As a best practice when using LDAP authentication sources, follow the security best
practice and configure some unique attribute other than DN for optimal performance
in production environments.
3.3 Series 7
The Series7 authentication provider uses some special private attribute of a Series7
user the “authID” for CAMID. This is not configurable. Even with schema version
17.0 which introduced external user support the CAMID is still derived from the
“authID” as documented in Table 1. CAMID details. The “authID” is uniquely
generated for every user in S7 and is never the same for any two users. This implies,
that as documented in the Security and Administration guide, re-creating a user will
lead to a different authID for that user and consequently to a different CAMID. This
again implies to deploy the S7 namespace together with the IBM Cognos 8
application content when migrating from one environment to another. Fortunately
the Series7 Access Manager offers the functionality of the LAE export to facilitate
this. Make sure you overwrite the target namespace (“empty target namespace”)
contents instead of merging; otherwise the authIDs of users won’t get changed.
Besides from the deleting a user no other change applied to Series7 users will affect
the authID and such the CAMID. Moving users in the structure, adding or removing
userclass memberships and or signons won’t have any negative impact.
There was a software issue in the Series7 migration tools for IBM Cognos 8 prior to
versions 8.3 which led to authID being calculated wrong in some cases. This might
cause issues if content has been migrated to IBM Cognos 8 from Series7 with older
versions of IBM Cognos 8. Simply make sure you use a recent version of IBM Cognos
8 (8.3+) when dealing with migrated Series7 content.
As a best practice, always deploy LAE files along with application content when
moving from one environment to another.
3.4 Active Directory
The Active Directory authentication provider as of IBM Cognos 8.2 uses the Active
Directory GUID (Globally unique identifiers).
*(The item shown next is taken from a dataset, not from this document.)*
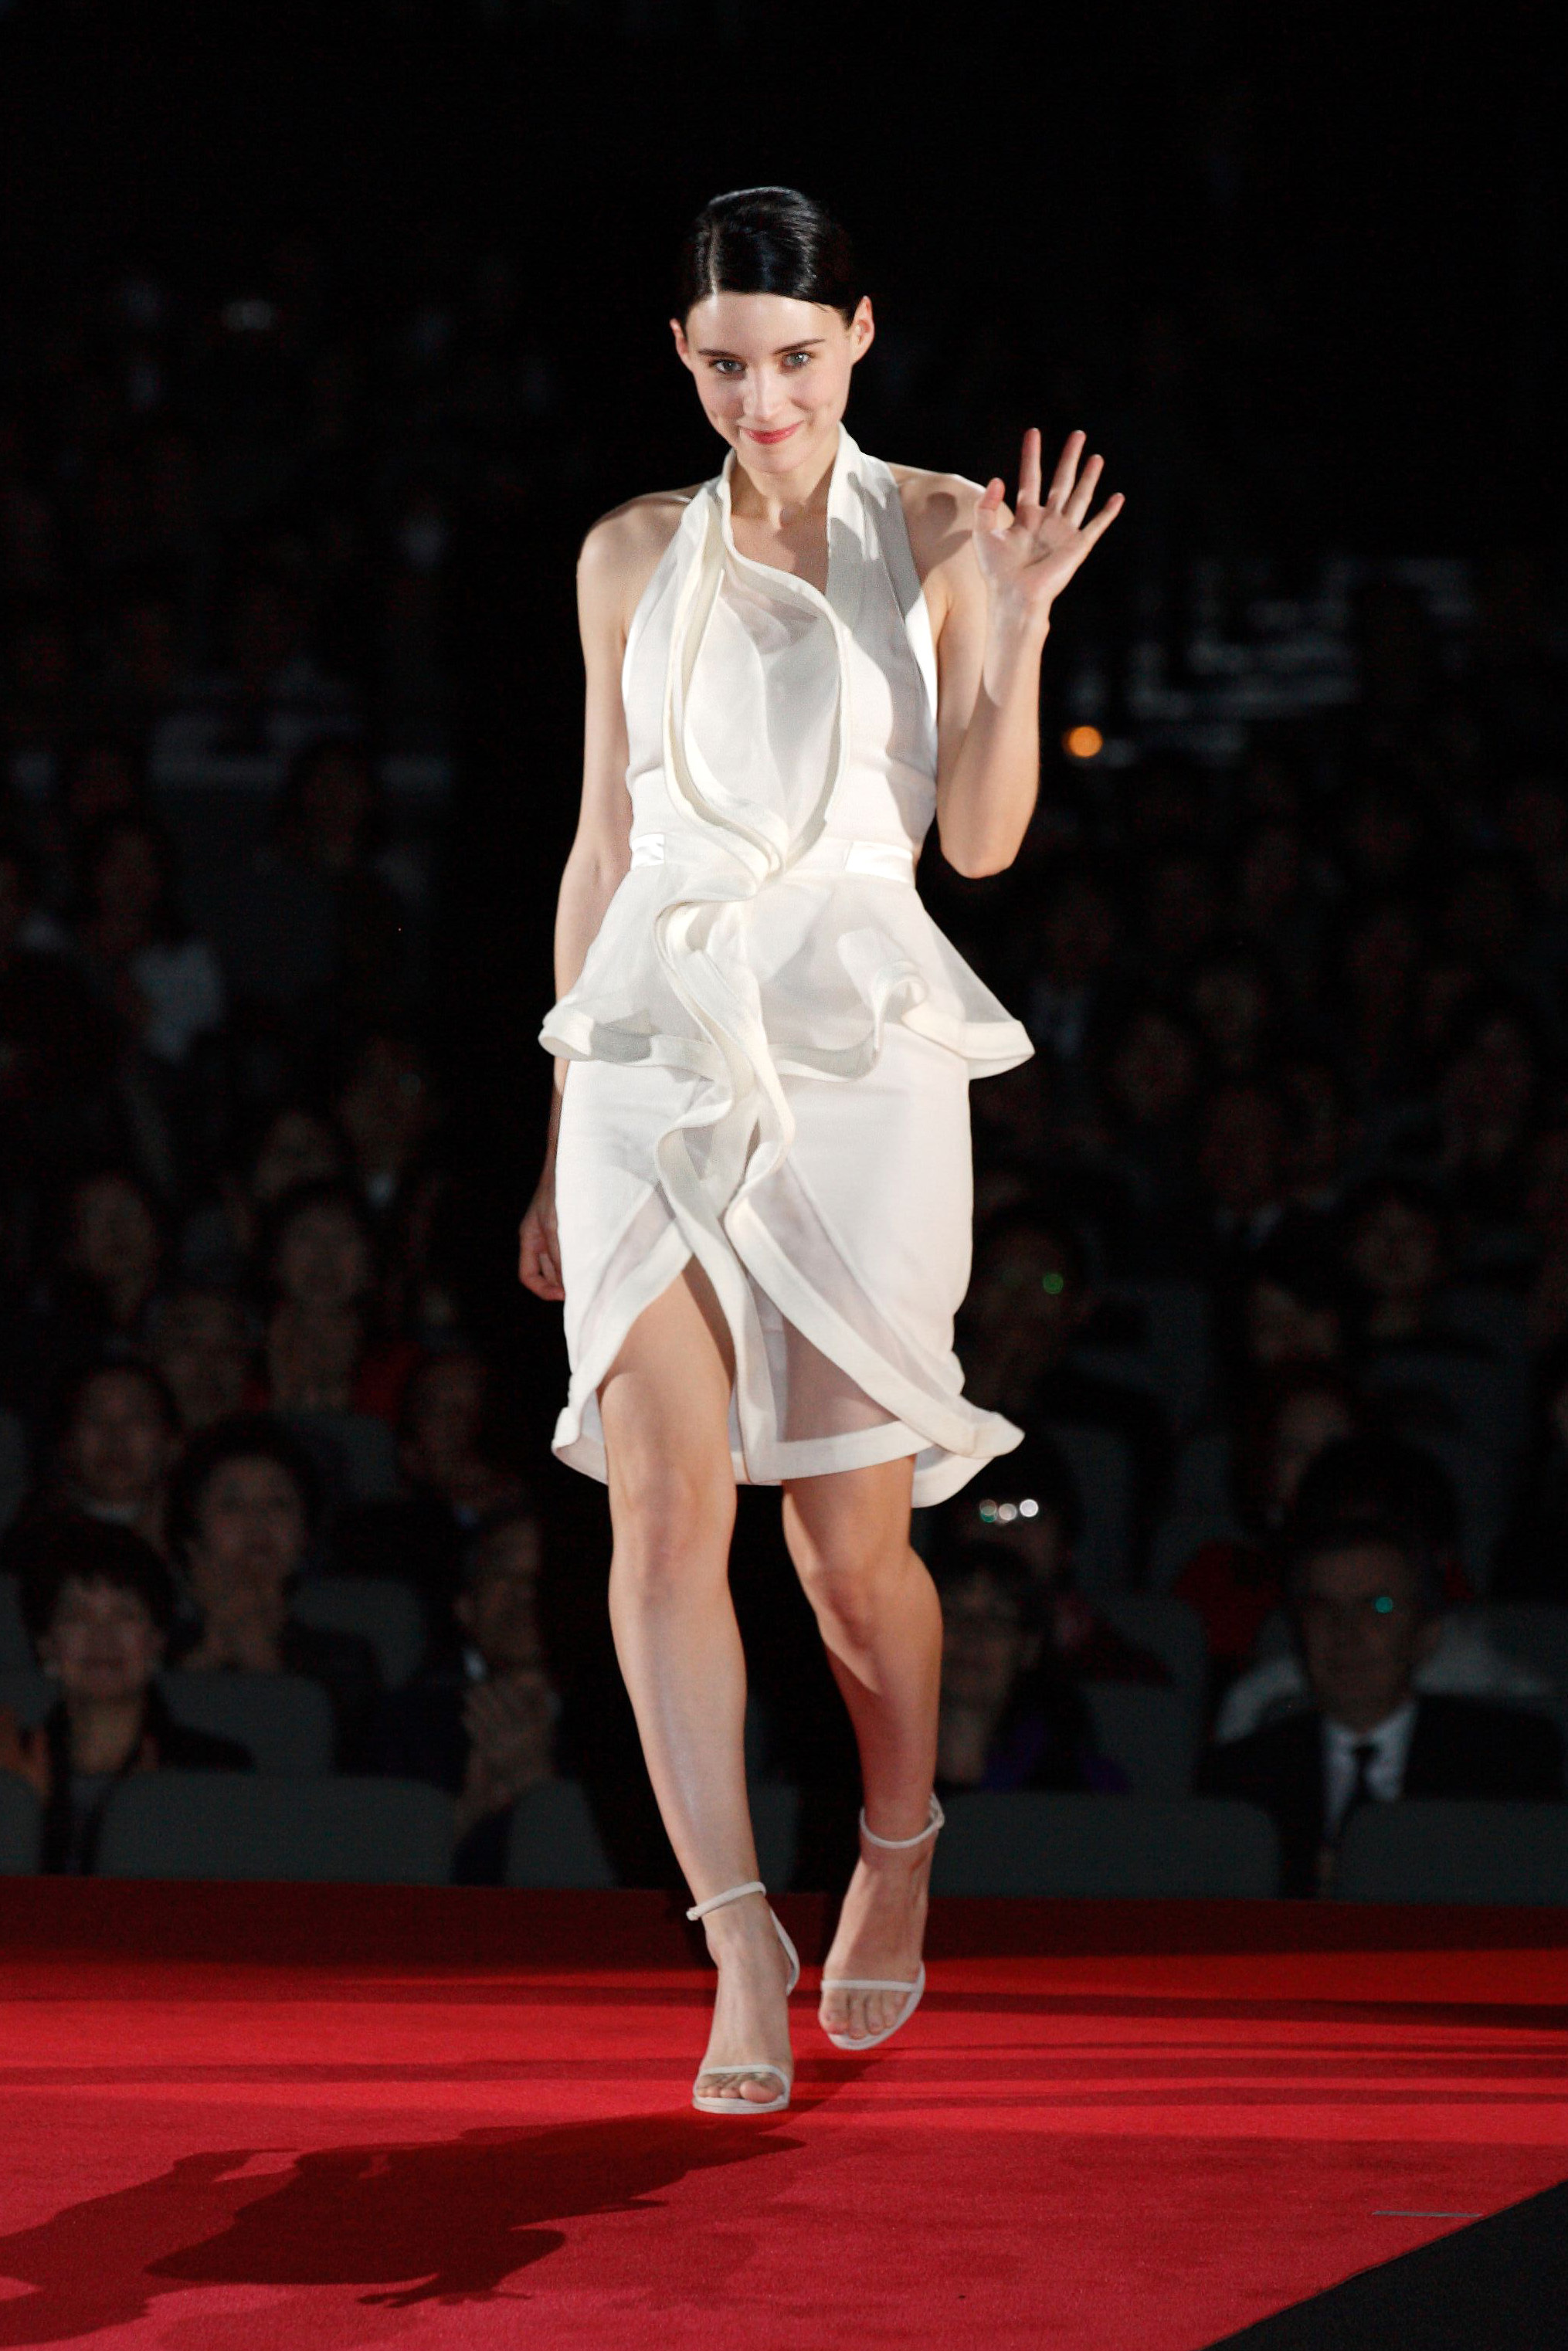 rooney mara fashion face calvin klein model campaign david fincher

The GUID is a 128-bit number which is
unique within a single forest. According to Microsoft the GUID never changes even
though the DN or RDN of an entry may. It is assigned to an object at creation time
only. Earlier versions of IBM Cognos 8 (pre 8.2) used the Windows NTLM SID which
was Windows’s predecessor to the GUID up to Windows NT.
The change to GUID in 8.2 (539568) led to issues when migrating content from 8.1
to 8.2+ versions. In addition the SID may not be stable depending on the actions
applied to a user in Active Directory. Fortunately the GUID will be stable for almost
all changes happening in Active Directory, however exceptions apply. Moving a user
Handling Change to IBM Cognos 8 security
13
across Forests will lead to a different GUID. Same applies to deleting and re-creating
a user in Active Directory.
The use of GUID is not configurable nor can any changes be applied to the
authentication provider to influence the handling.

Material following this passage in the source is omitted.